Examples of released fields include:

{
    "task_id": ...,
    "sector": ...,
    "occupation": ...,
    "prompt": ...,
    "reference_files": ...,
    "reference_file_hf_uris": ...,
    "deliverable_text": ...,
    "deliverable_files": ...
}

This schema supports both benchmarking and analysis across occupations, sectors, and task types.

Example occupational task types represented in the benchmark include:

examples = [
    "Audit sampling with spreadsheets",
    "Support transcript analysis",
    "Stage plot generation",
    "Operational planning tasks",
]

The benchmark is also mapped to occupational activities using U.S. Bureau of Labor Statistics work activity coverage, described in the paper, which is part of how task coverage was constructed.

Evaluation Methodology

Because many tasks do not have a single correct answer, GDPval does not rely solely on conventional benchmark accuracy.

Evaluation combines expert review with comparative judgments. A major component is pairwise preference evaluation, where judges compare candidate outputs and determine which better satisfies task requirements, as described in GDPval.

This is used because many outputs are open-ended deliverables where quality cannot be reduced to exact-match correctness.

Judgments may consider:

correctness
completeness
usefulness
instruction adherence
domain appropriateness
professional quality

Many tasks are also associated with structured grading criteria used to support more systematic evaluation.

Performance is therefore often expressed through comparative win rates rather than simple accuracy.

AutoRaters

A major technical contribution in GDPval is its use of automated evaluators, or autoraters, to scale assessment.

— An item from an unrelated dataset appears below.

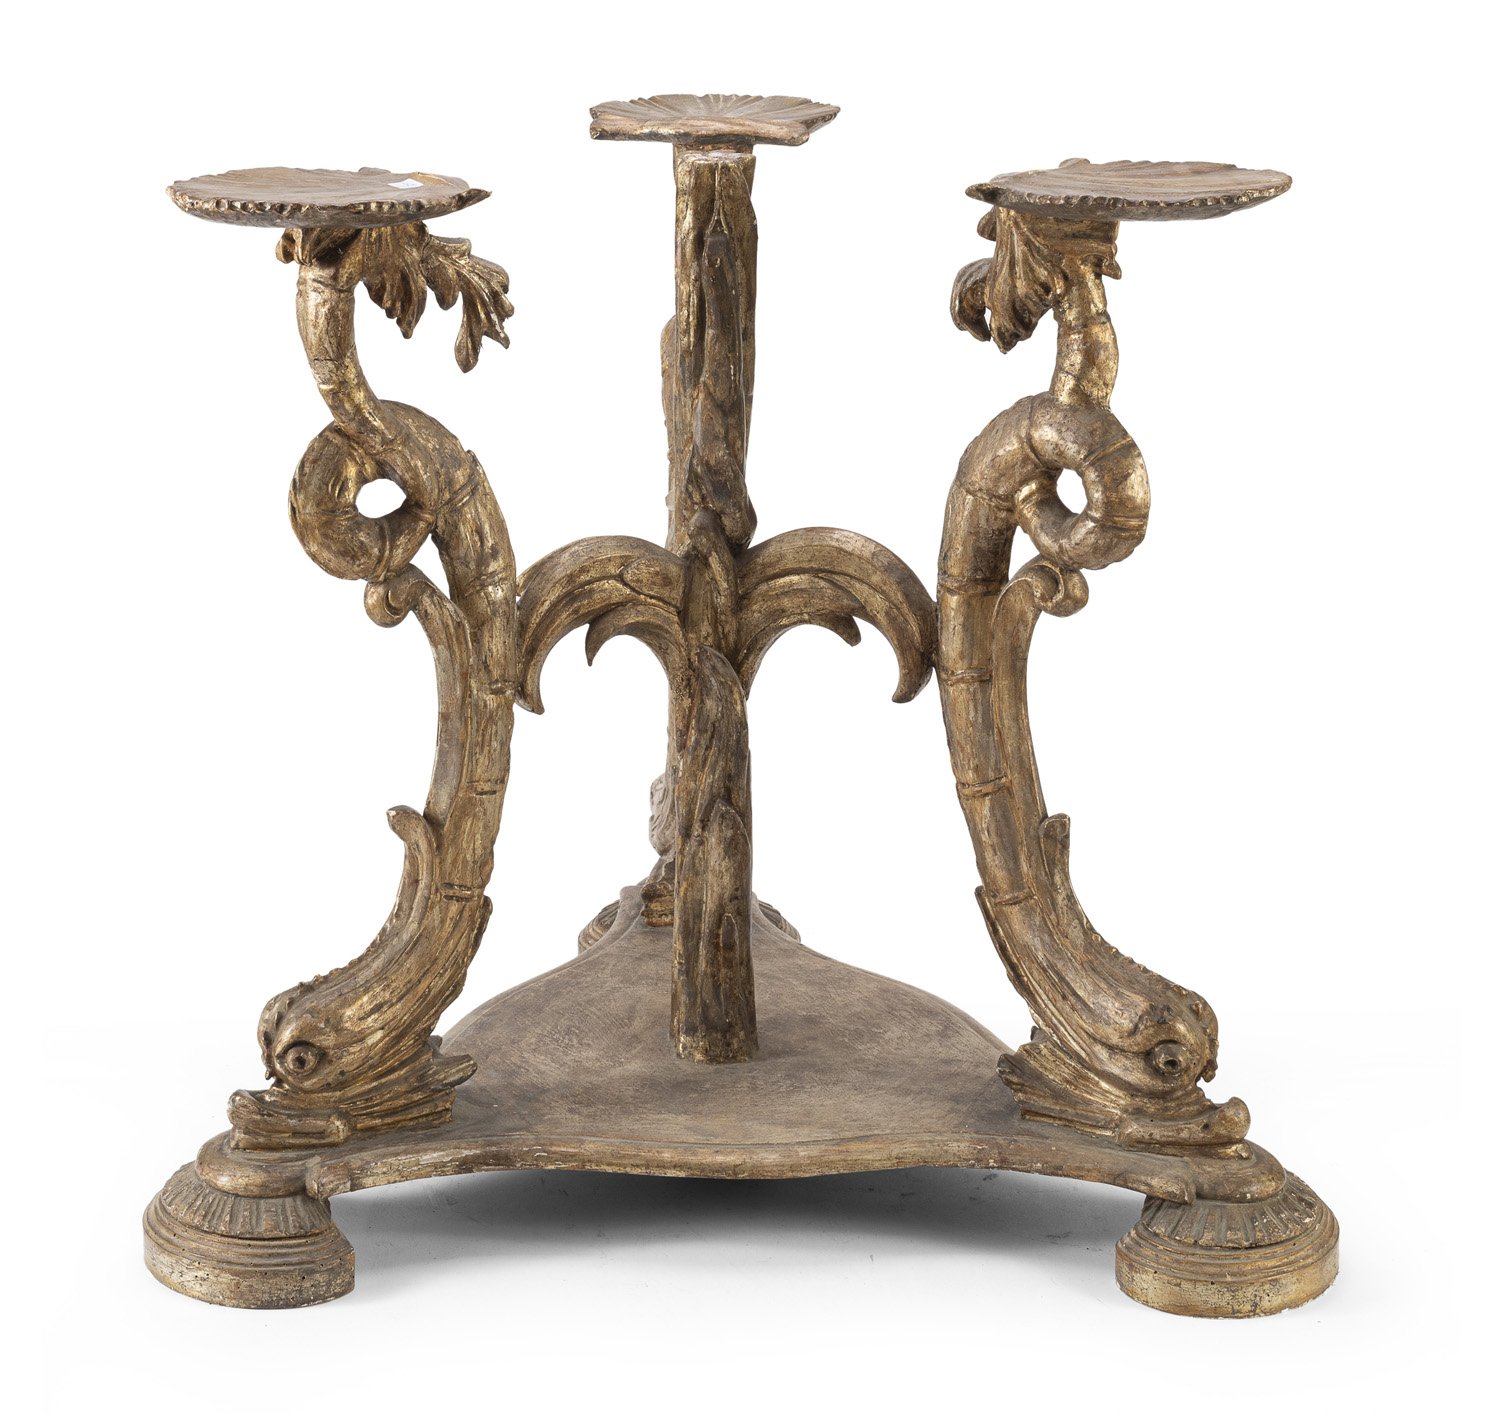 RARE SCULPTURED TABLE BASE IN GILTWOOD VENICE 18th CENTURY - Image 2 of 2

Because expert grading is expensive, the benchmark uses model-based evaluators calibrated against human judgments to score outputs.

These autoraters are used to assess open-ended deliverables through structured comparisons and rubric-guided evaluation, rather than simple correctness checks.

The paper emphasizes two central properties of these evaluators:

Agreement with expert human judgments
Scalability for evaluating large numbers of open-ended task outputs

This is important because evaluating realistic work products is itself a difficult problem.

Conceptually, the evaluation pipeline can be thought of as:

task -> model deliverable
     -> autorater assessment
     -> pairwise or rubric-based judgment
     -> benchmark score

In GDPval, evaluation infrastructure is treated as part of benchmark design, not just an auxiliary scoring mechanism.

What GDPval Measures

GDPval is designed to evaluate combinations of capabilities within realistic tasks, including:

long-horizon reasoning
planning
tool use
multimodal understanding
professional deliverable generation

Because these are measured jointly within task execution, benchmark performance reflects compound task performance rather than isolated skill scores.

Reported Results

The paper reports that frontier model performance on GDPval has improved over time and that performance is sensitive to additional reasoning effort and task context.

The benchmark is also used to study:

model progress over time
effects of inference scaling
effects of additional context
human-AI comparison on occupational tasks

These analyses are a substantial part of the benchmark’s contribution beyond the task set itself.

Scope and Limitations

As with any open-ended benchmark, results should be interpreted with several constraints in mind.

Performance depends partly on evaluator consistency, including autorater-human agreement. Subjective tasks also introduce dependence on rubric coverage and judgment criteria.

Occupational coverage is broad but not exhaustive, and benchmark tasks are sampled instances rather than full representations of occupations.

Prompting, scaffolding, and tool configurations can also materially affect performance.

These considerations are important when comparing results across models.

Relation to Other Benchmarks

GDPval differs from many commonly cited evaluations in the level at which it measures performance.

MMLU evaluates academic knowledge
SWE-bench evaluates software issue resolution
OSWorld evaluates computer-use interaction
GDPval evaluates broader occupational task performance

Its focus is on realistic work assignments that combine multiple capabilities in a single evaluation.